GIVEN DATA START

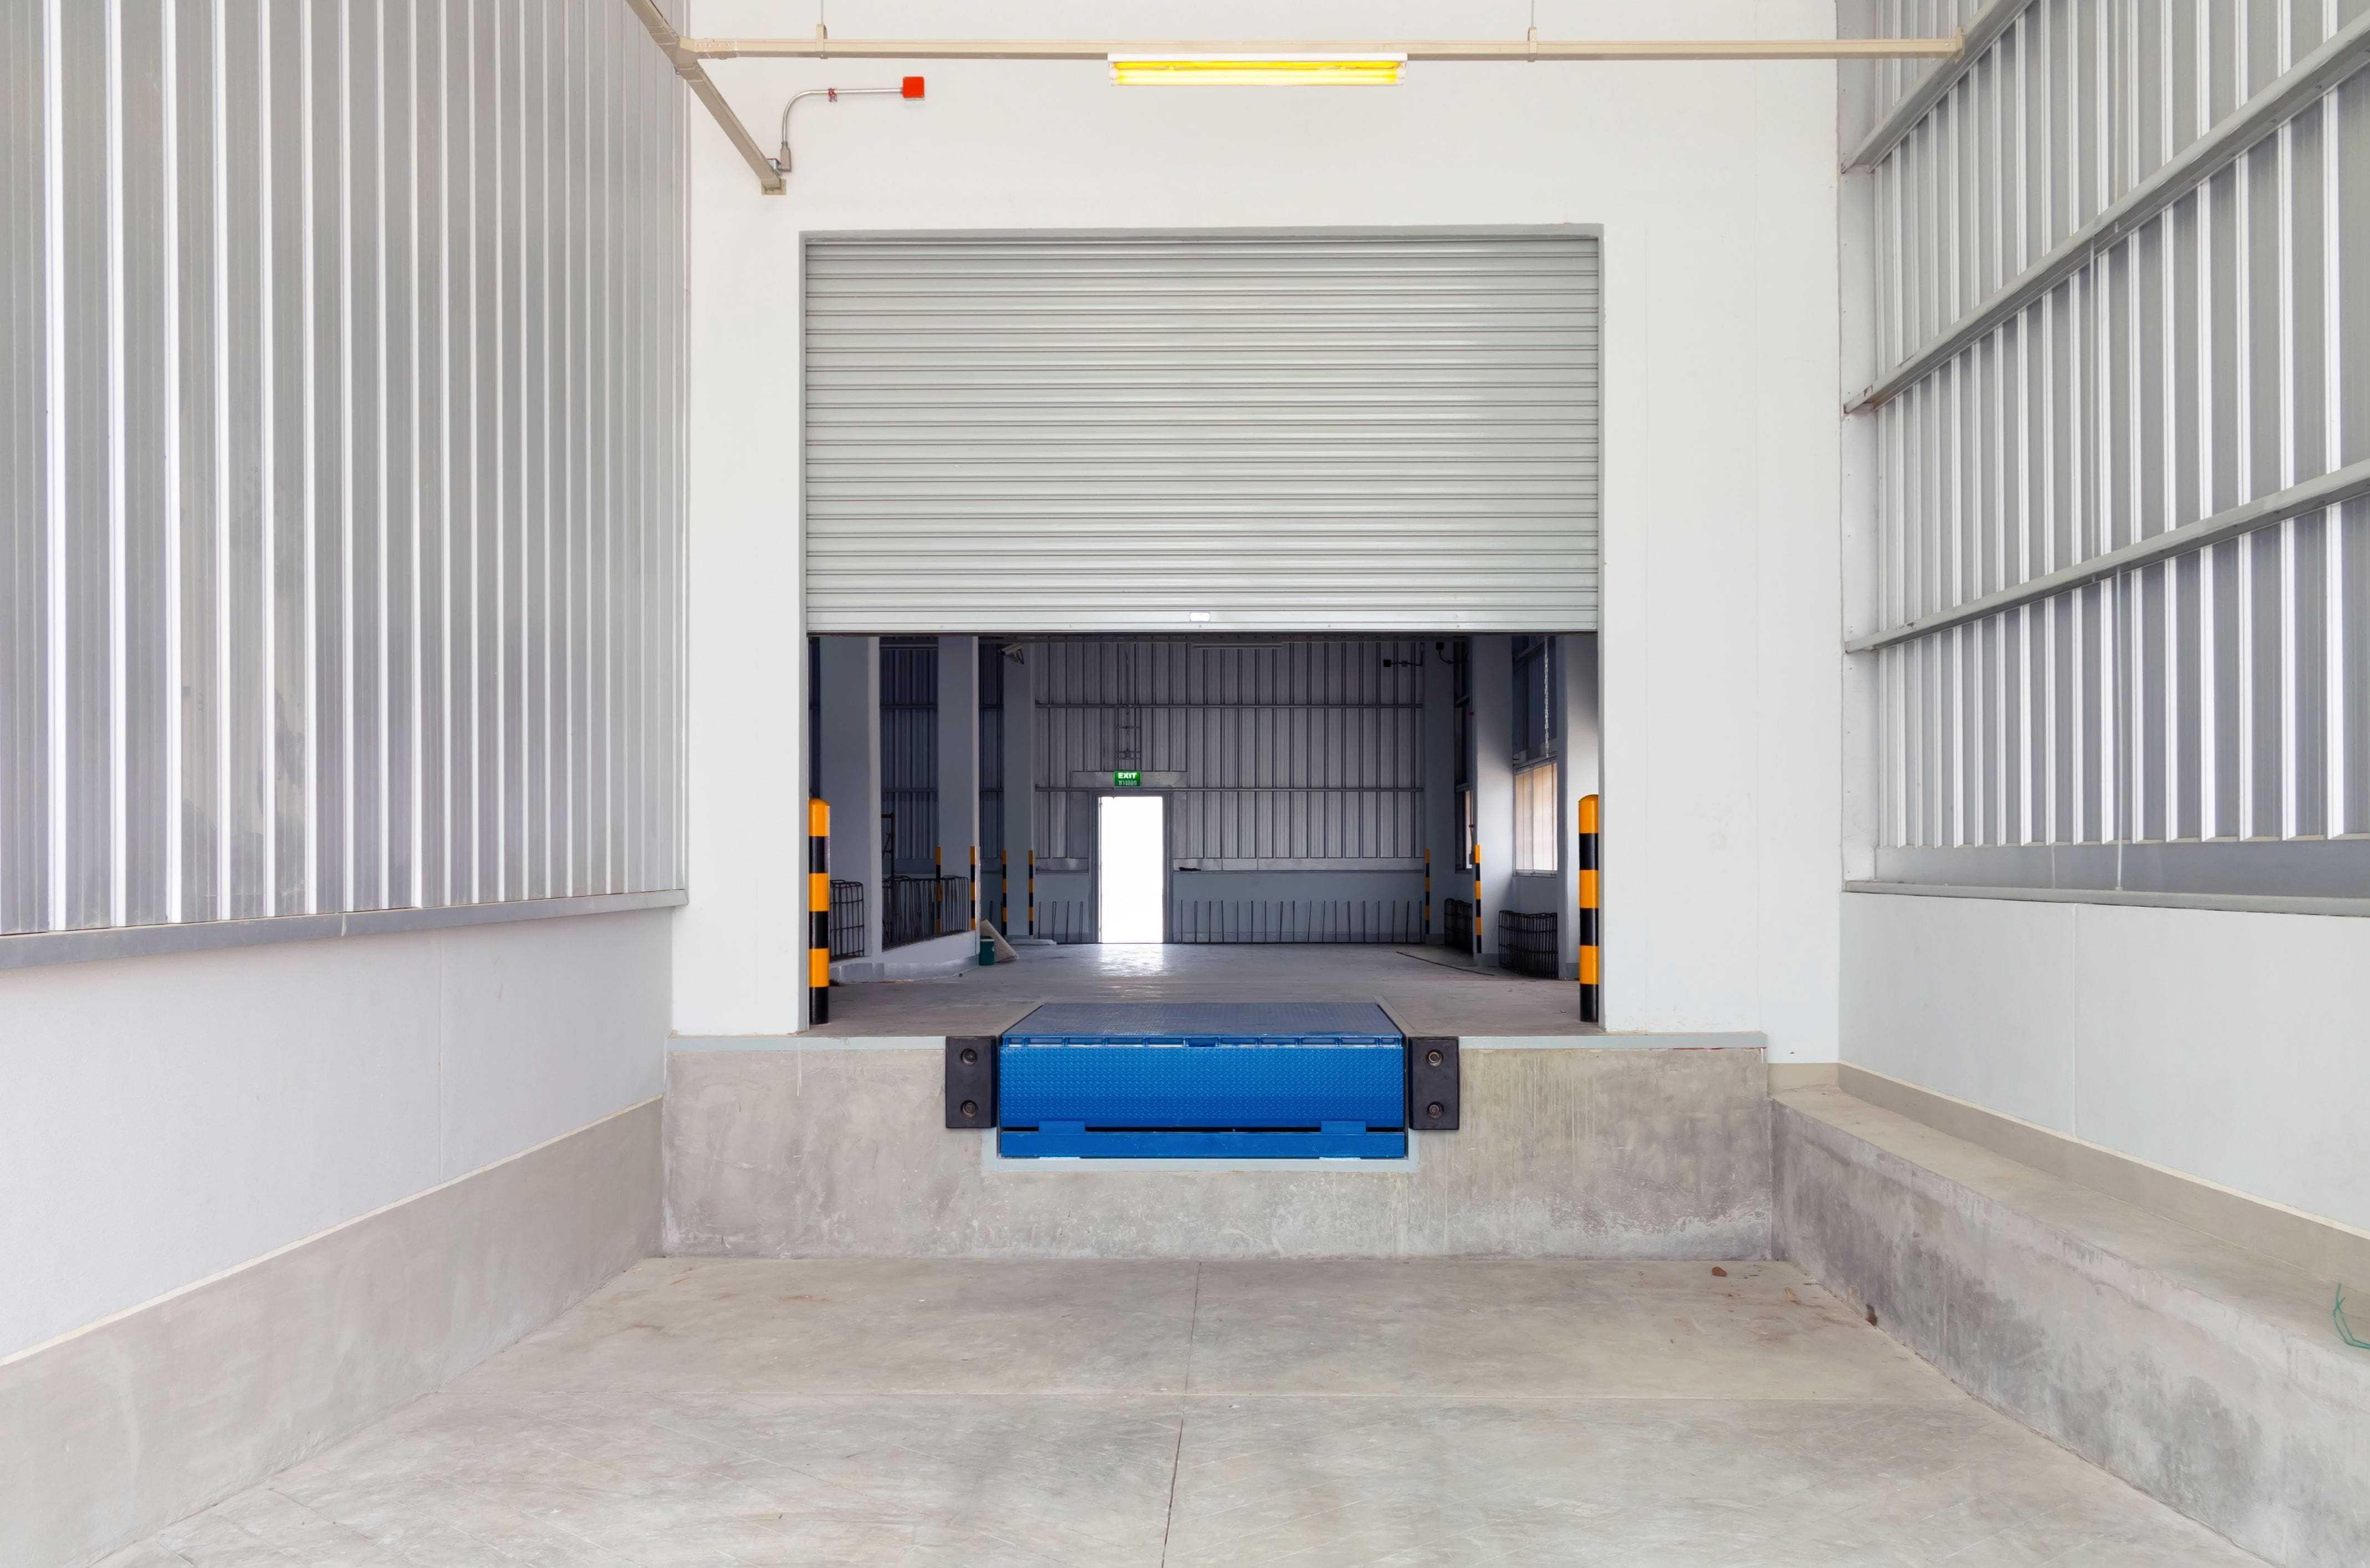 interior of loading dock with leveler and steel door
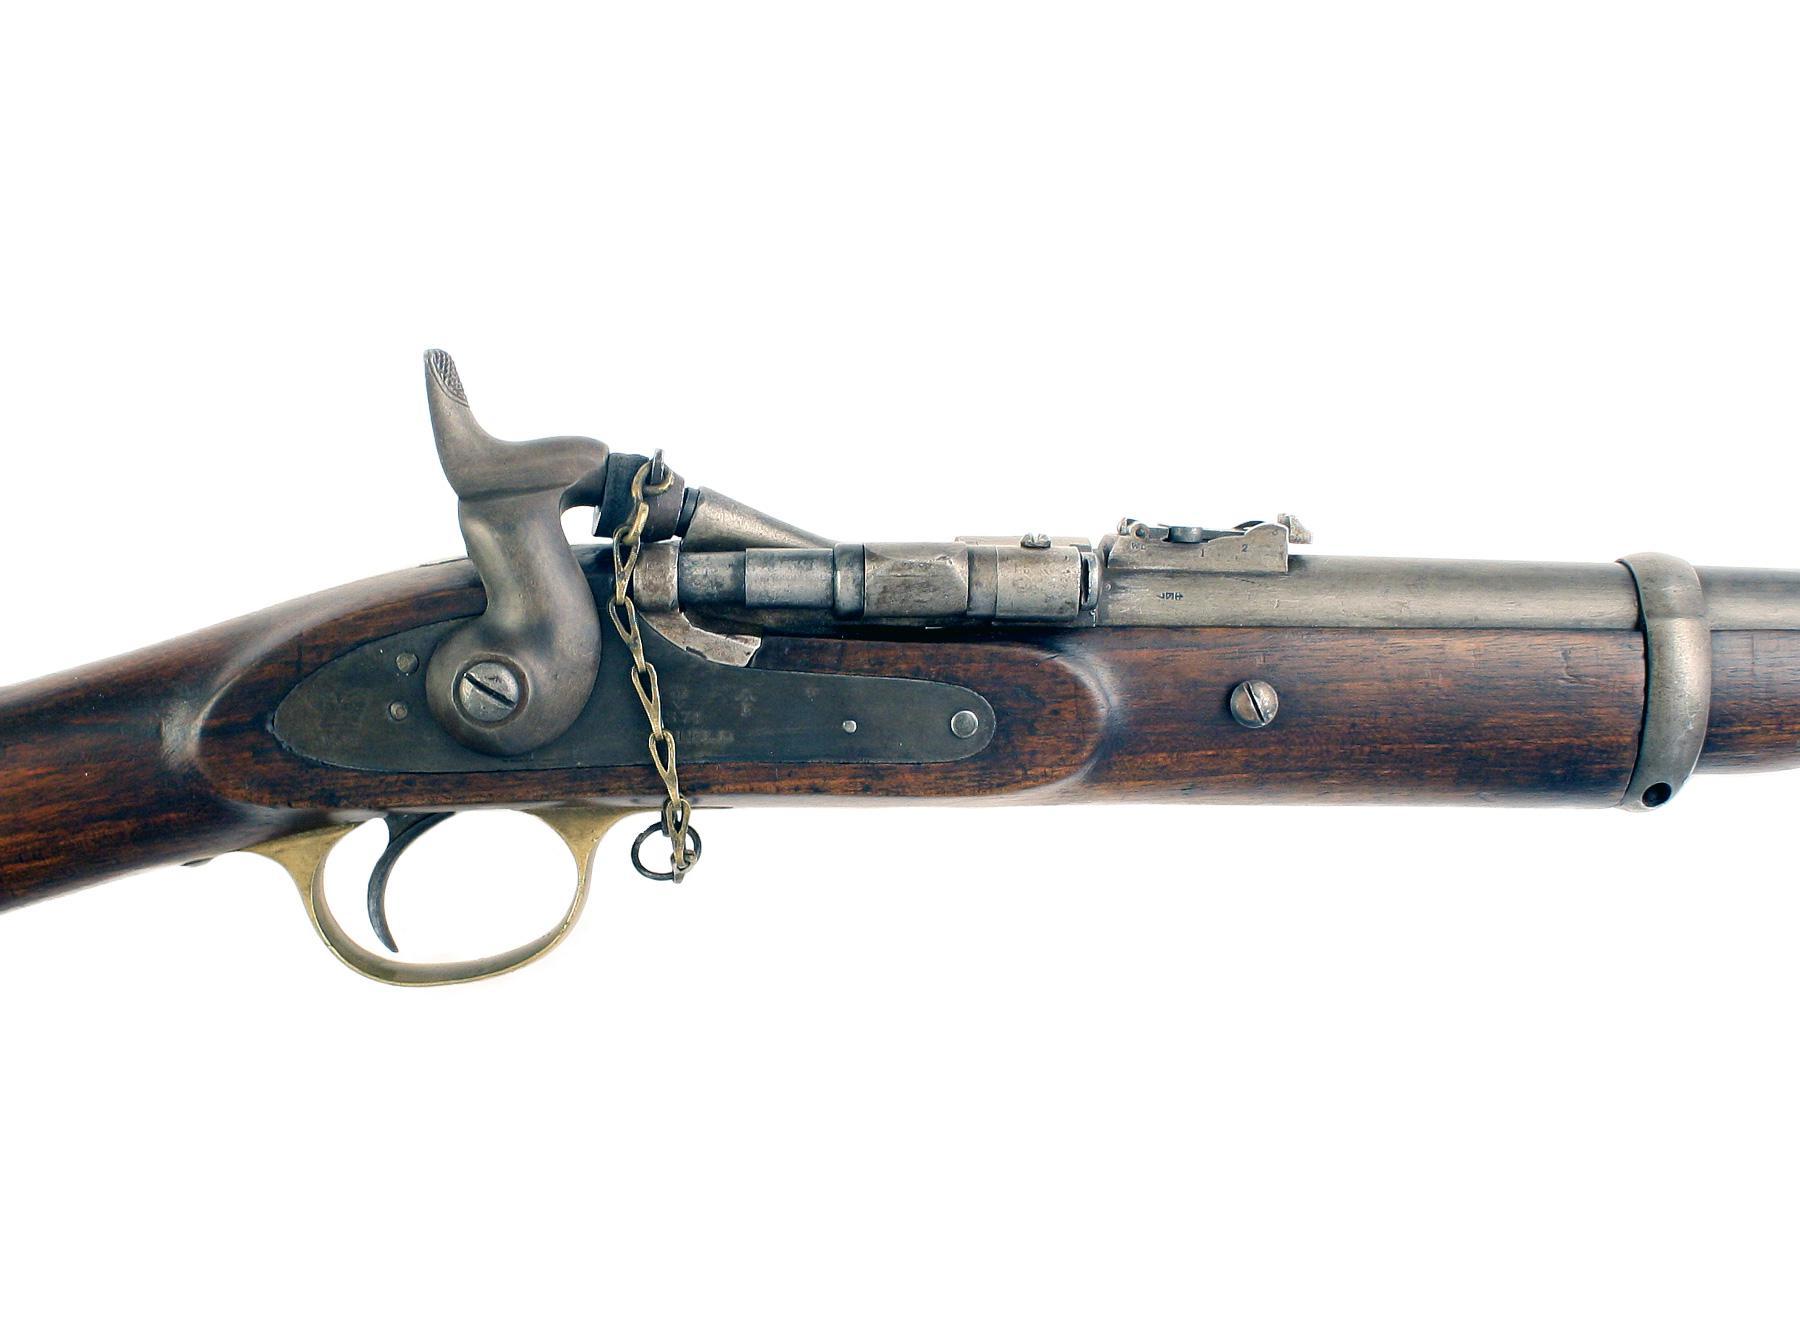 A Snider Carbine
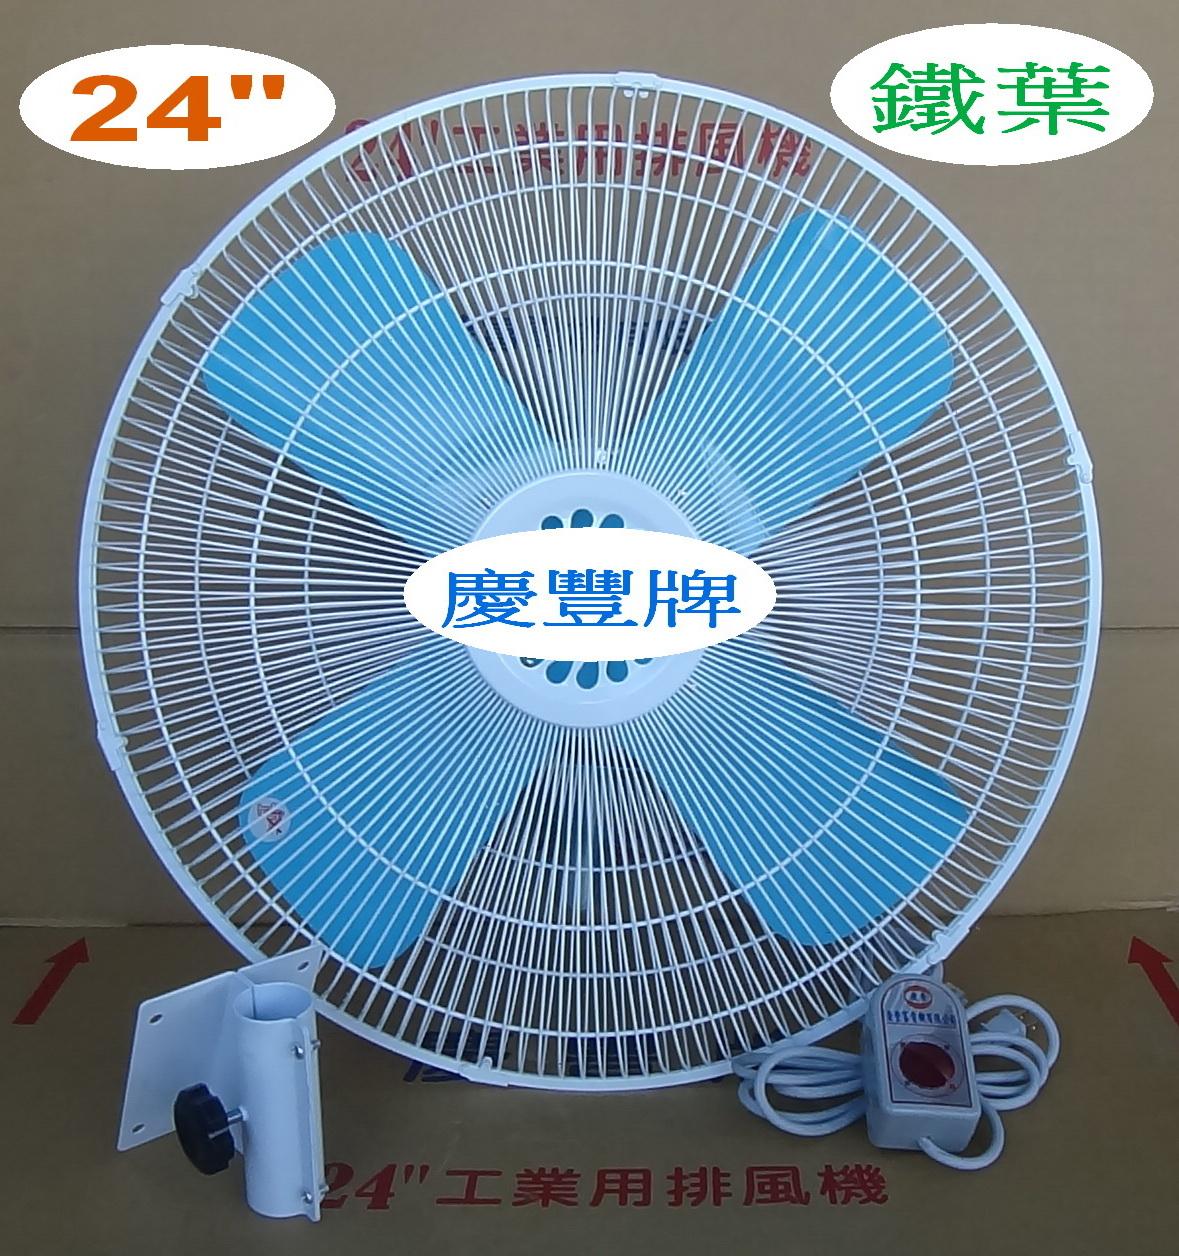 24吋 固定式 強風一速 工業壁扇【鋁殼馬達】4葉鐵葉慶豐牌 CF-2416D
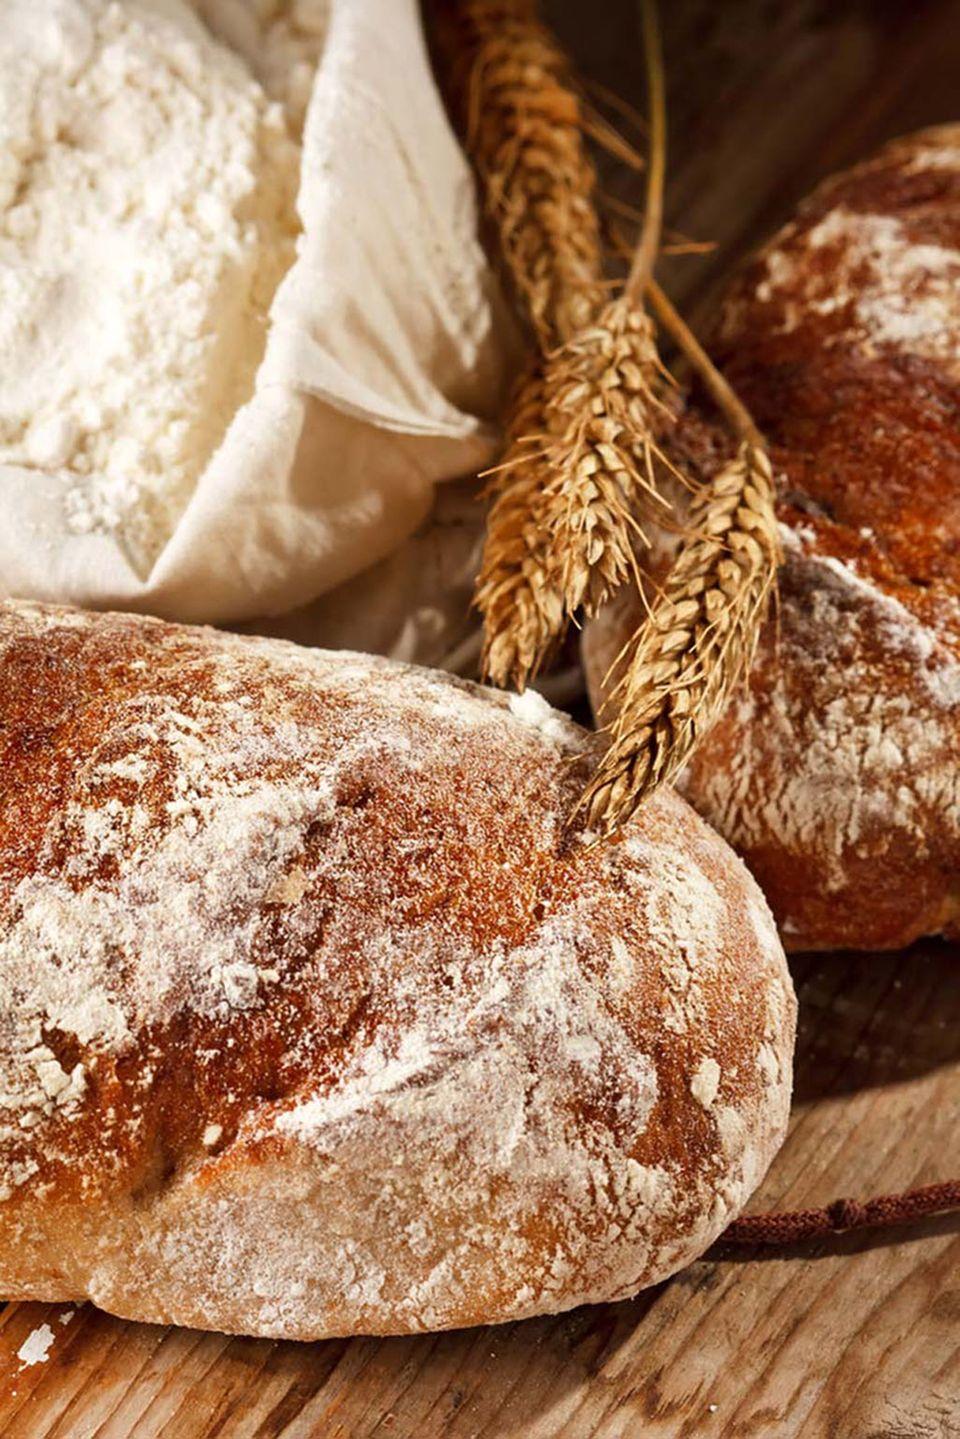 Frisches duftendes selbstgebackenes Brot schmeckt einfach köstlich

GIVEN DATA END

TASK DESCRIPTION
Restate the data above word for word, so that the only difference is the missing pictures.

ANSWER TO THIS TASK
 interior of loading dock with leveler and steel door
 A Snider Carbine
 24吋 固定式 強風一速 工業壁扇【鋁殼馬達】4葉鐵葉慶豐牌 CF-2416D
 Frisches duftendes selbstgebackenes Brot schmeckt einfach köstlich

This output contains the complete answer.